O 7º Simpósio da Rádio Nacional, realizado no dia 21 de setembro, reuniu especialistas e profissionais do setor para discutir a preservação da memória radiofônica brasileira e as inovações necessárias para o futuro do rádio no ambiente digital. Este evento marca a celebração dos 90 anos da emissora, destacando sua relevância contínua em um mundo repleto de novas tecnologias.

A Importância da Preservação da Memória Radiofônica

Durante o simpósio, a discussão central girou em torno da importância de preservar os acervos históricos das emissoras de rádio, que são fundamentais para a identidade cultural e o acesso à informação. Os participantes enfatizaram que a conservação desses registros é crucial não apenas para a memória coletiva, mas também para garantir que futuras gerações tenham acesso à rica história do rádio brasileiro.

O Papel do Museu da Imagem e do Som

Cesar Miranda Ribeiro, presidente do Museu da Imagem e do Som do Rio de Janeiro, destacou a relevância do acervo da Rádio Nacional, que oferece uma rica coleção de materiais desde a década de 70. Ele mencionou que o museu abriga mais de 53 mil itens, incluindo partituras e documentos, muitos dos quais foram doados pela emissora.

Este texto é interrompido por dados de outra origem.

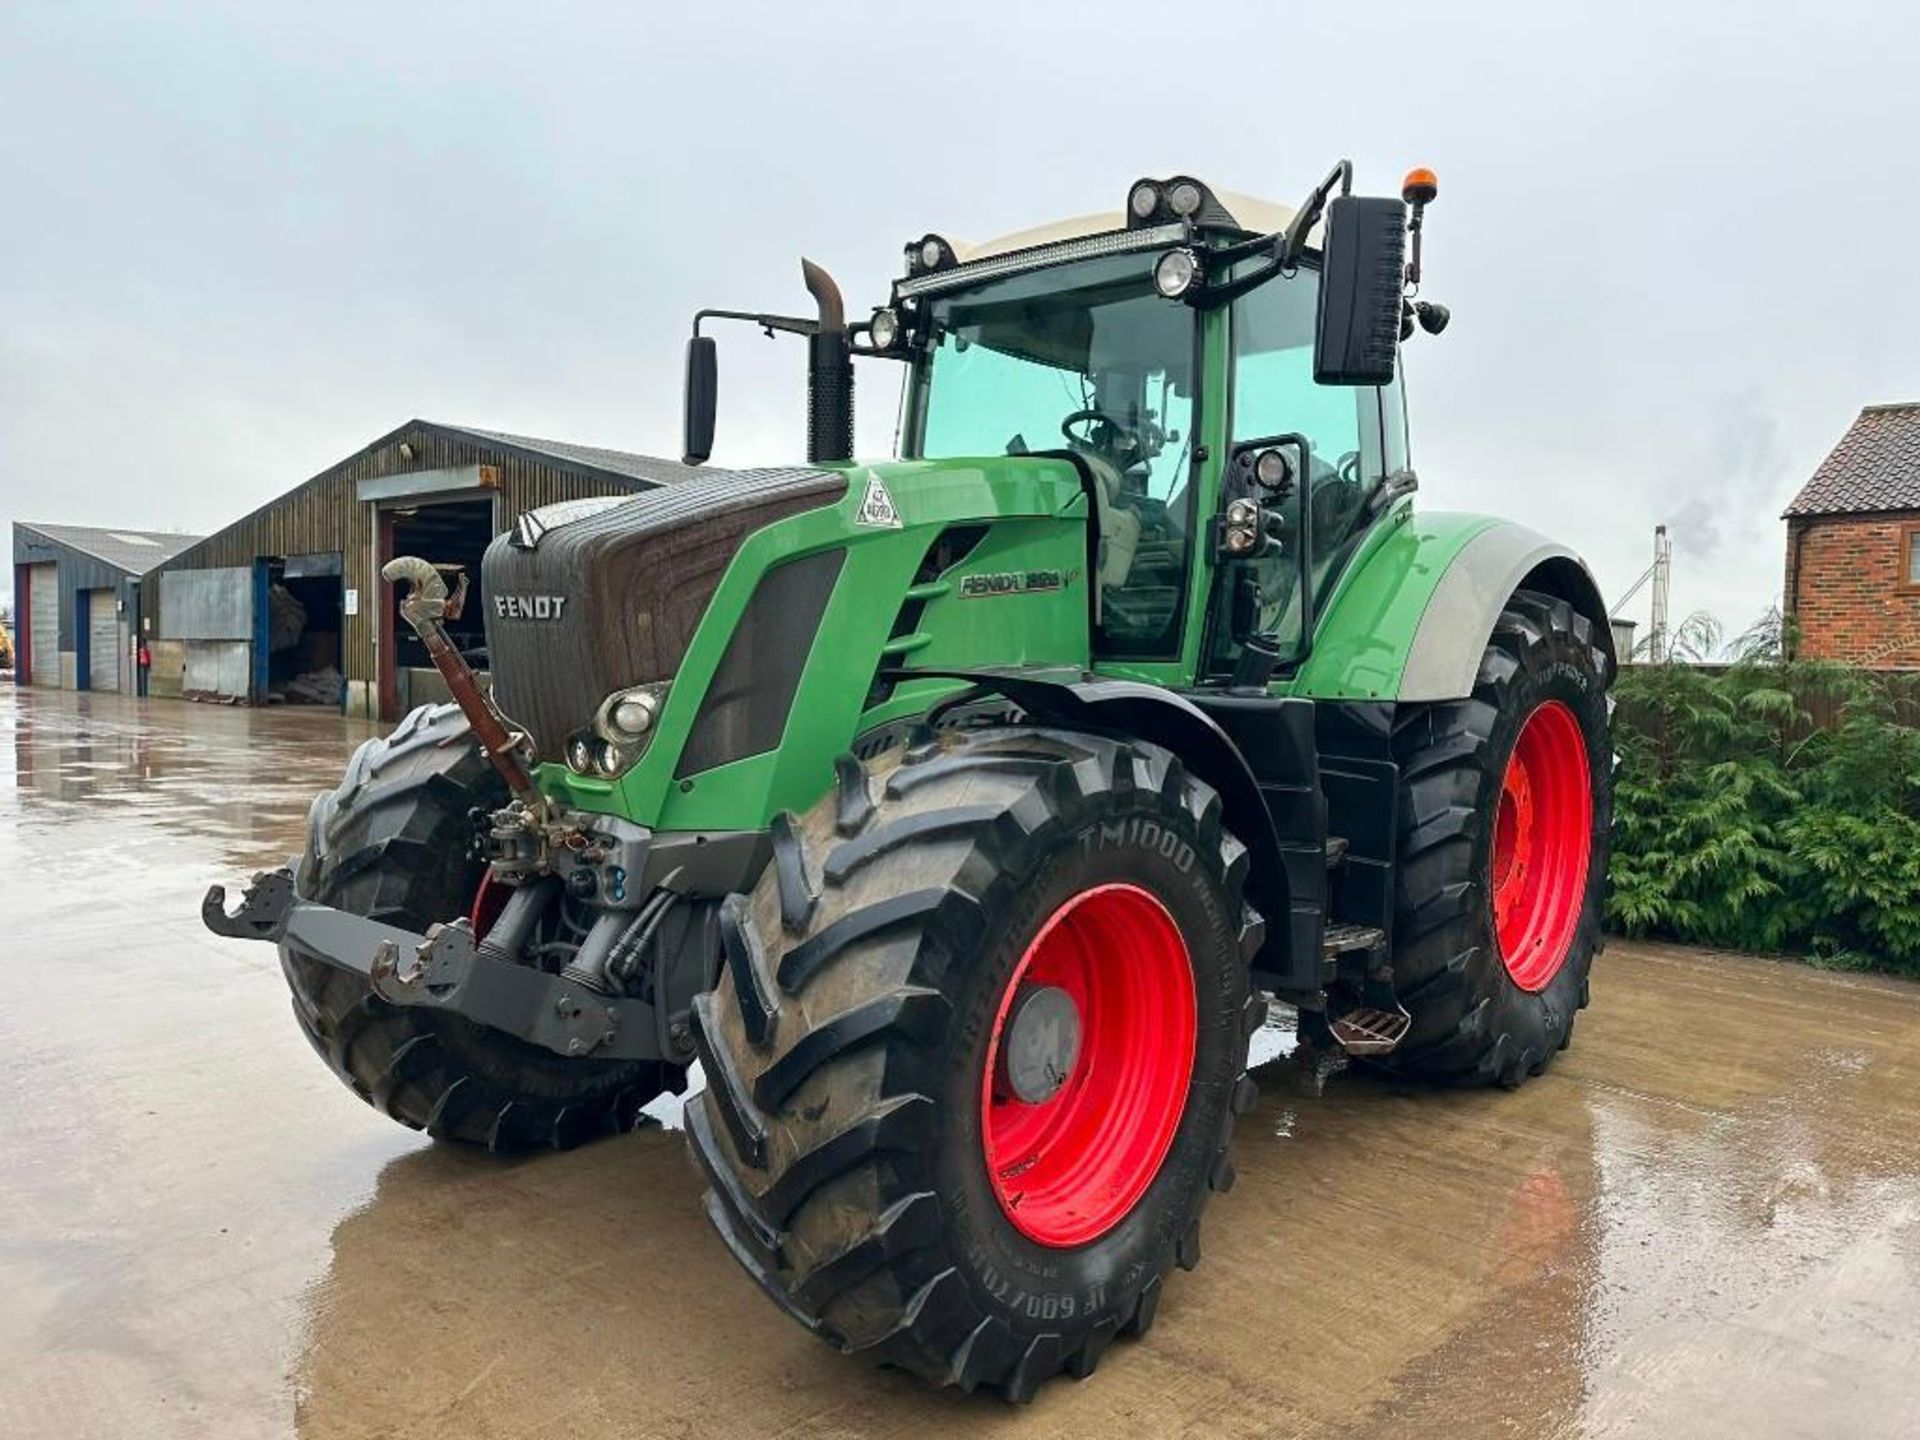 2013 Fendt 828 Vario tractor, 4wd, front linkage, front spool valves, 4No rear spool valves, Bill Be - Image 13 of 23
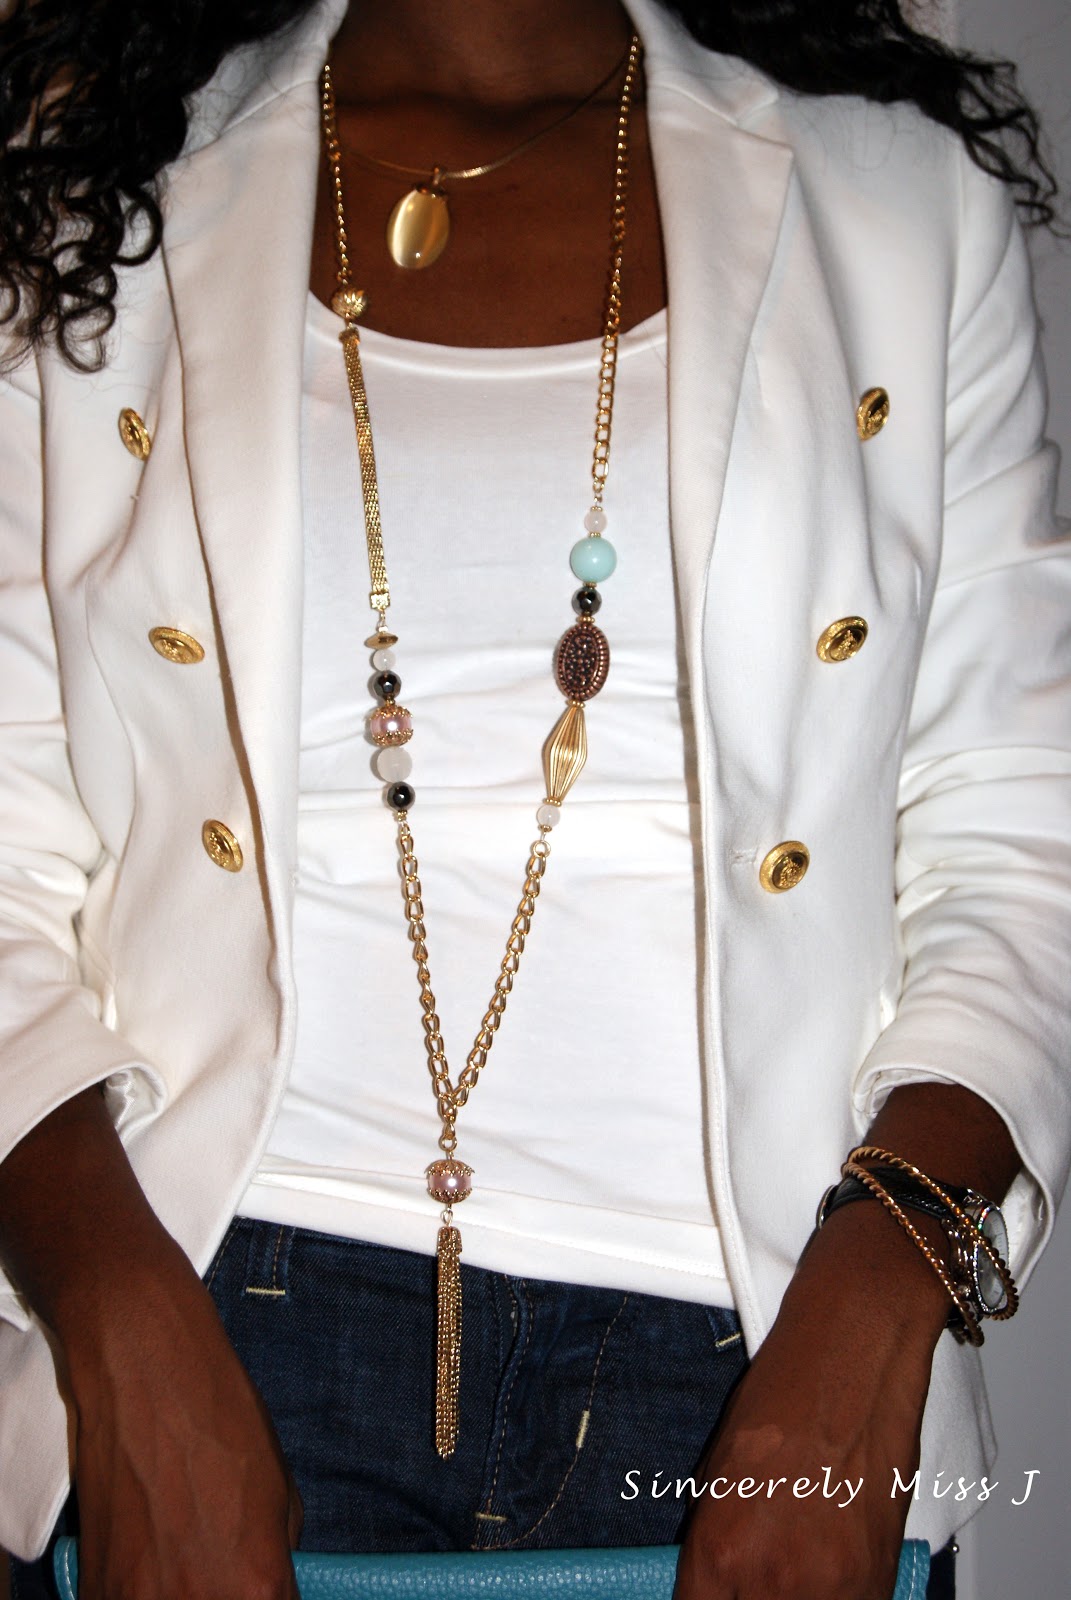 Blazer: Zara, Necklaces: short necklace: Le chateau, long necklace: dynamite, Jeans: warehouse sale ( Miss Sixty Jeans), clutch: store in downtown Toronto

Essa colaboração é vital para a preservação da cultura brasileira.

Desafios da Digitalização

Maria Carnevale, gerente de acervo da EBC, abordou os desafios da digitalização dos arquivos da Empresa Brasil de Comunicação. Ela afirmou que a preservação exige critérios rigorosos de seleção e catalogação, além de um esforço humano significativo, mesmo com o auxílio da tecnologia, como a inteligência artificial.

Números do Acervo Digitalizado

Atualmente, 28,2% do acervo da EBC está digitalizado, o que inclui 7.280 fitas de rolo, 5.969 acetatos e mais de 153 mil páginas de roteiros de radionovelas. Carnevale ressaltou a importância de sistemas de armazenamento e metadados para facilitar a localização e reutilização desse material histórico.

Novas Formas de Interação no Rádio Digital

Thays Gripp, coordenadora artística da Rádio Globo, compartilhou a experiência de transformação da emissora para se adaptar ao mercado digital. A Rádio Globo agora interage com o público por meio de diversas plataformas, incluindo TV, redes sociais e podcasts, buscando atrair um público mais jovem e diversificado.

O Futuro do Rádio

O simpósio foi uma oportunidade para refletir sobre a conexão entre passado e futuro no rádio. Ao celebrar sua rica história, os participantes também discutiram os desafios e oportunidades que o futuro digital apresenta, enfatizando a necessidade de inovação contínua no setor.

Em suma, o 7º Simpósio da Rádio Nacional não apenas celebrou os 90 anos da emissora, mas também destacou a importância da preservação da memória e da adaptação às novas tecnologias, garantindo que o rádio continue relevante na era digital.